**What is being asked**
Output exactly the lines of the listing below that run from the line with "Ugne, Dovydas, Egidijus és Meskis kutya." through the line with "Warrior girls erotic scene". No pictures.

**Study material**
Start of Block

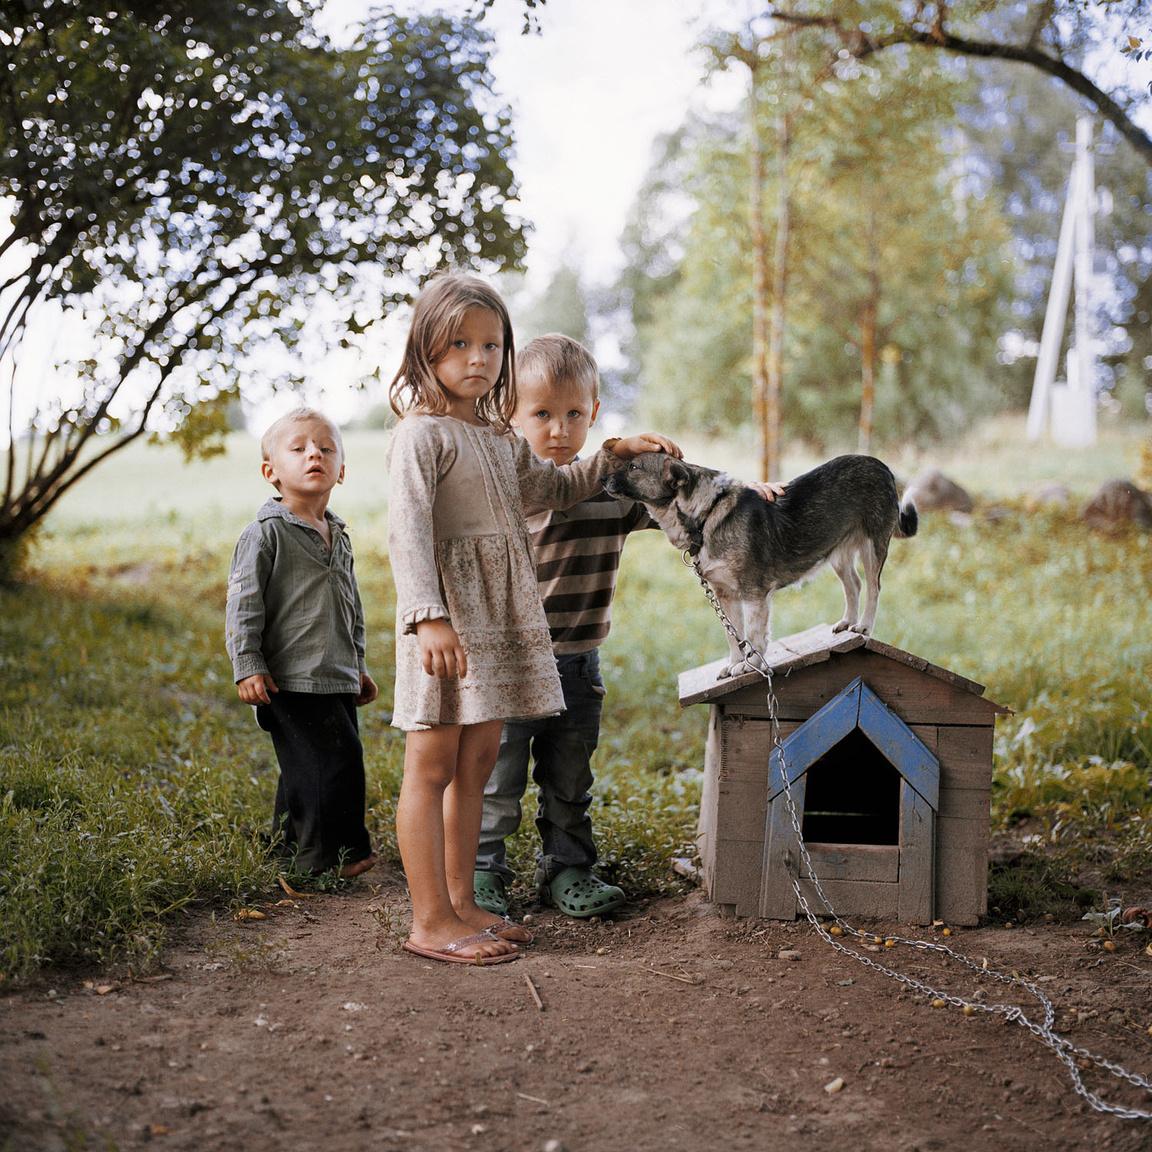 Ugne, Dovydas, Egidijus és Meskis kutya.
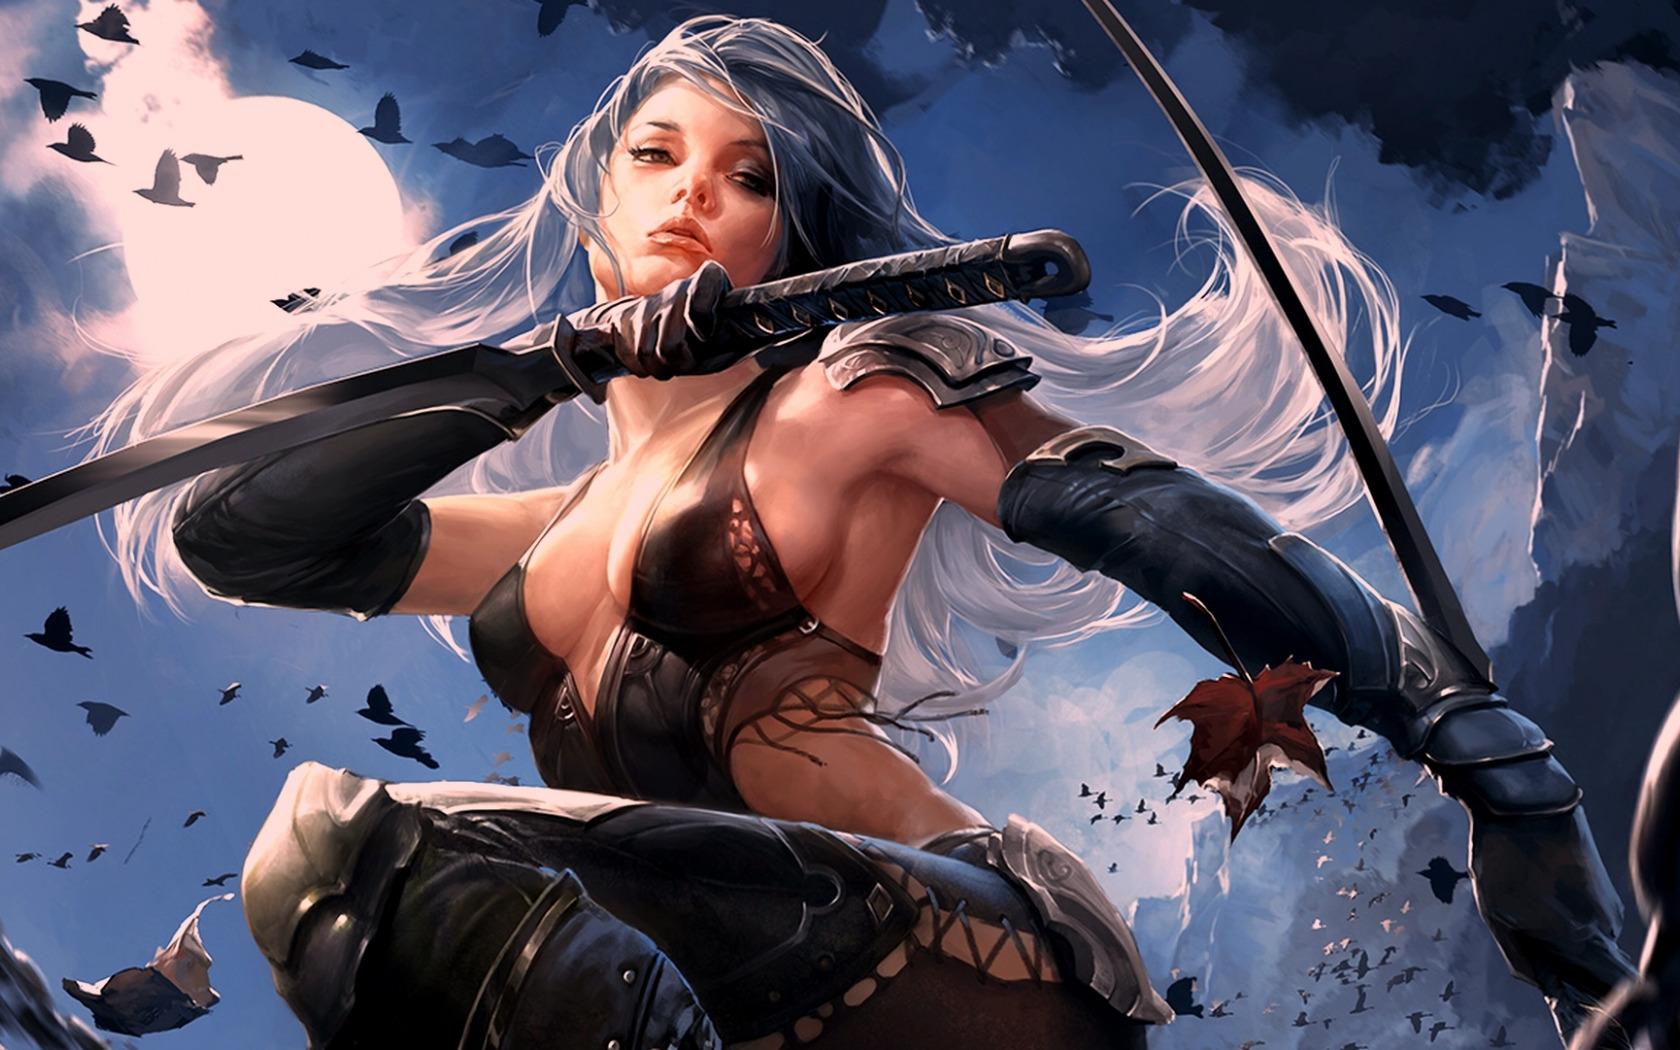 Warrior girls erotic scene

End of Block
Start of Block

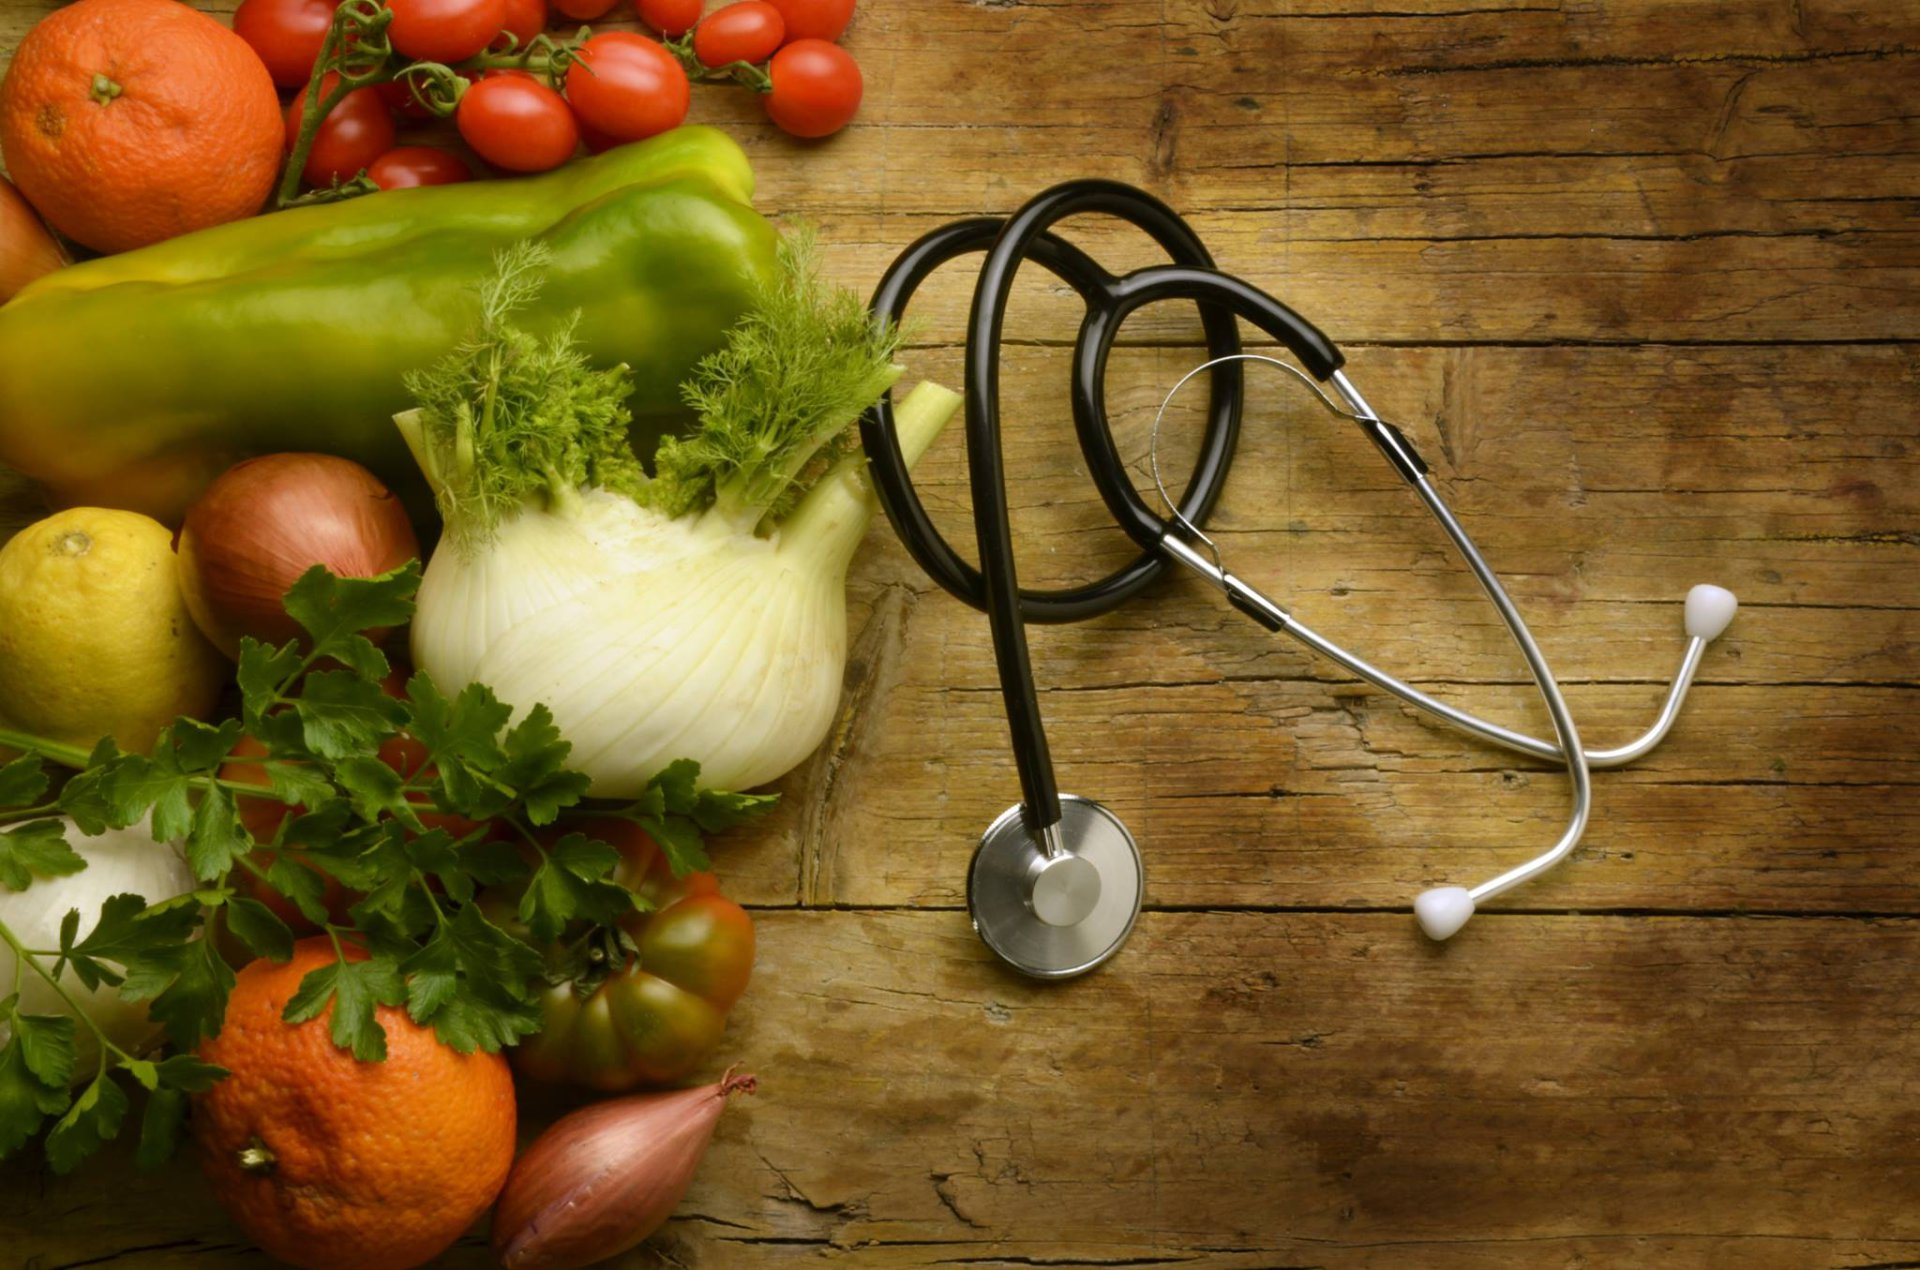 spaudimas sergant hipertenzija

End of Block

**Result of the task**
 Ugne, Dovydas, Egidijus és Meskis kutya.
 Warrior girls erotic scene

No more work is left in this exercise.